Comment 3 Nils Olav Selåsdal 2013-06-20 14:34:45 UTC
> How many times do you have to run this to see the double output? A hundred?
> A million?

This happened 3 times within 20 runs now.

Comment 7 Carlos O'Donell 2015-01-14 22:06:53 UTC
It is not likely we will fix this for RHEL 6 given the rework required to make IO streams completely safe to cancel. The best workaround I can recommend is not to do IO or expect that stdio may be unusable afterwards.

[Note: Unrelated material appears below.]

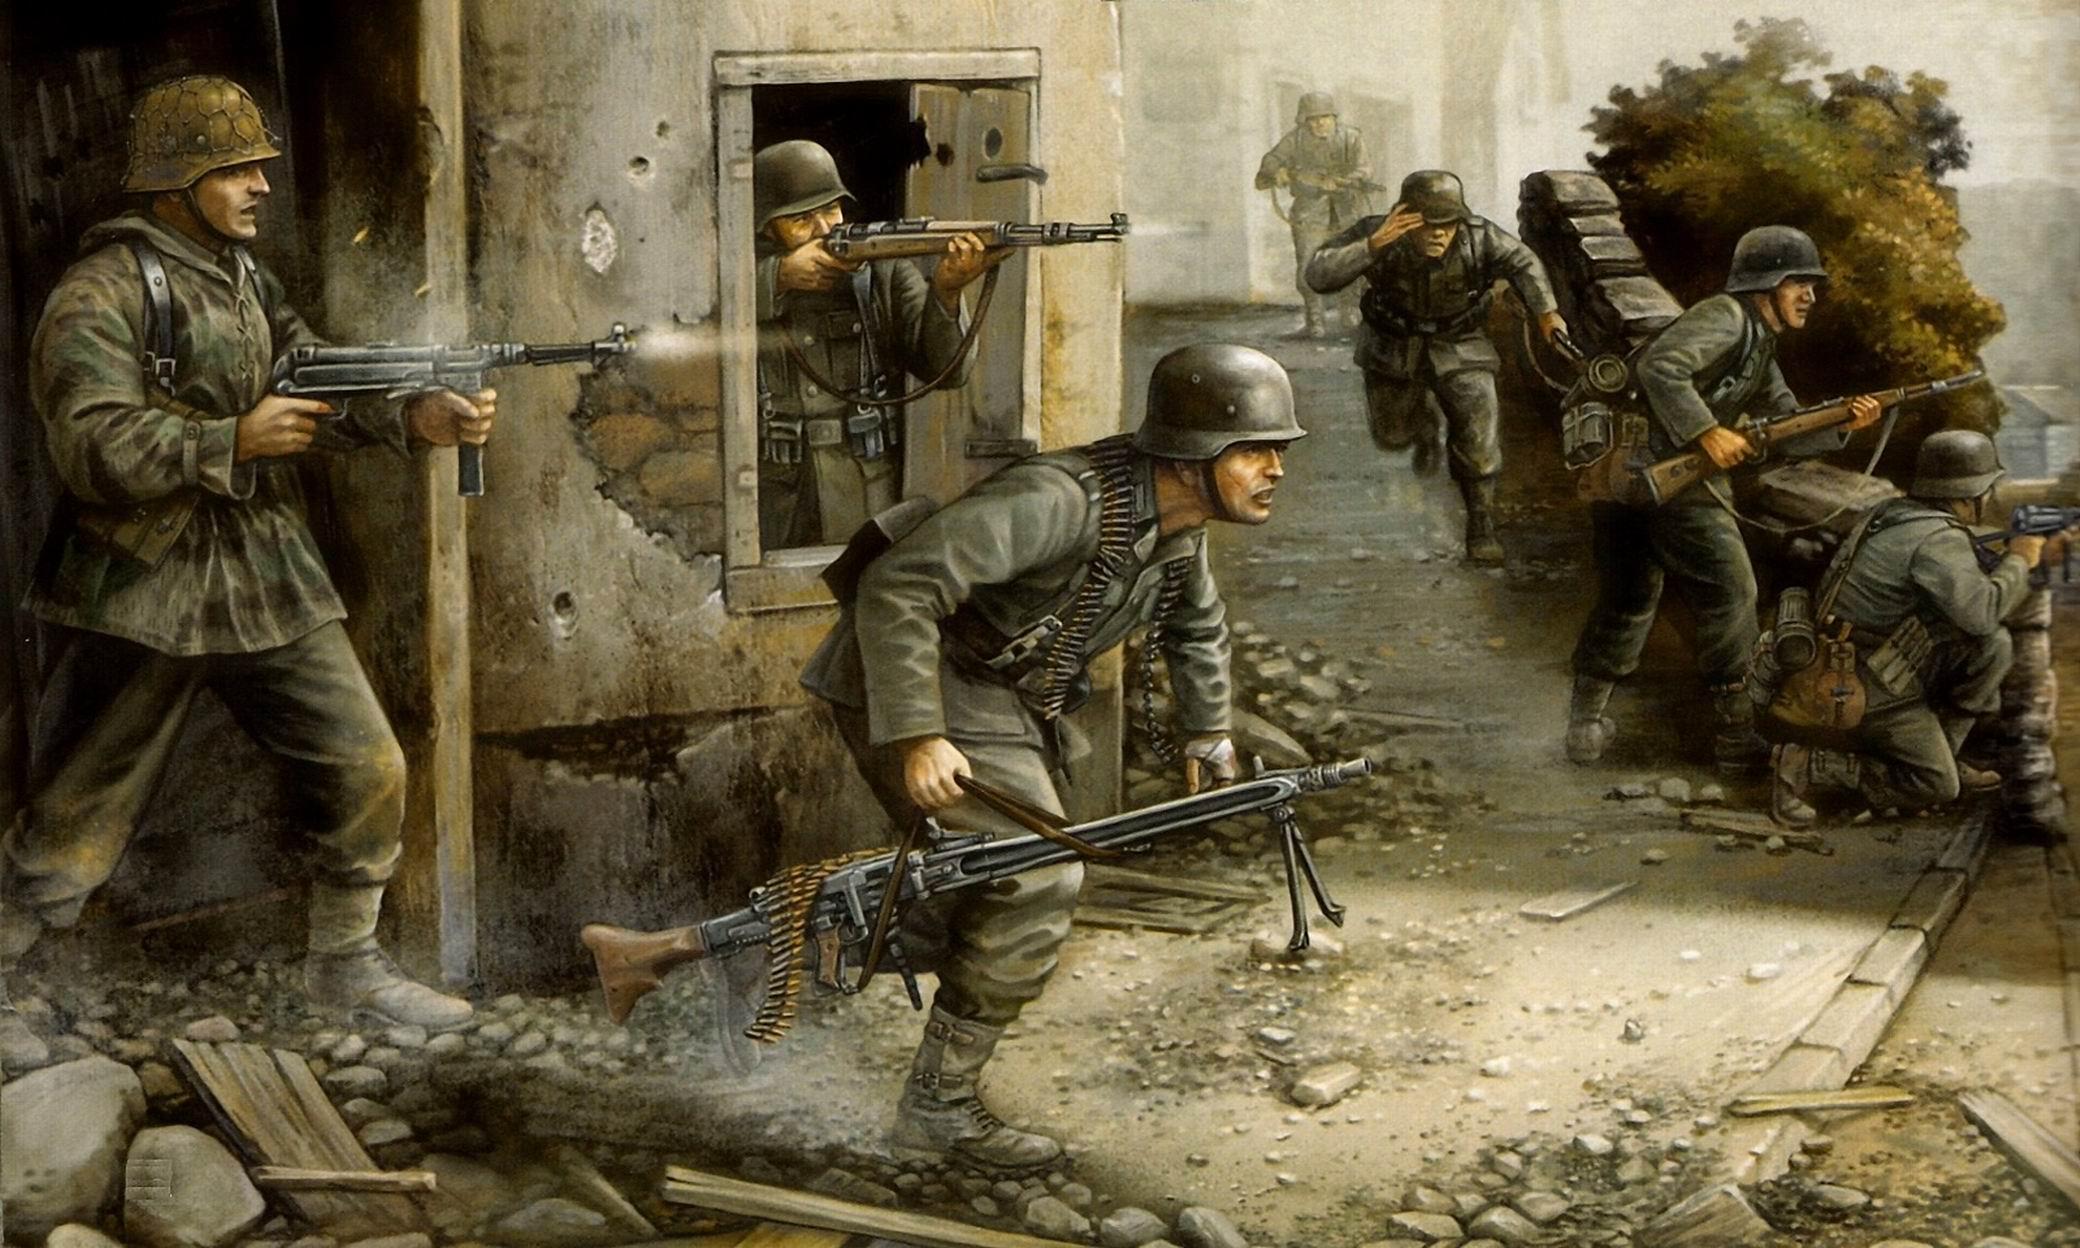 559968_flames_of_war_nemtsyi_fashistyi_soldatyi_vermaht_2080x1248_(www.GetBg.net).jpg

I'm moving the bug to RHEL 7 becuase we want to track this, but the work is going to be done upstream first after the fixes for cancellation are done. The RHEL 6 cancellation implementation is fundamentally flawed and a rewrite was required to make it work correctly and conform to POSIX.

Comment 11 Carlos O'Donell 2019-06-07 19:47:53 UTC
Given that we don't have a solution for this issue yet, and RHEL 7 is entering Maintenance Phase 1, I'm going to move this to RHEL 8 which is tracking closer to upstream glibc. We can continue to monitor upstream to see if we will get fixes for cancellation point issues.

Comment 12 Florian Weimer 2020-06-08 14:04:15 UTC
Carlos and I looked at the libio implementation (behind printf), and we believe that this issue will be addressed once this upstream bug has been fixed:

https://sourceware.org/bugzilla/show_bug.cgi?id=12683

The libio code assumes the intended new behavior: If cancellation is acted upon, no side effect from I/O has happened, so the buffer pointer update is not needed

In the current cancellation implementation, the libio code has no way of knowing whether the side effect happened or not when cancellation is acted upon. There is no way to leave the buffer pointers in a state that is consistent with both cases (I/O or no I/O).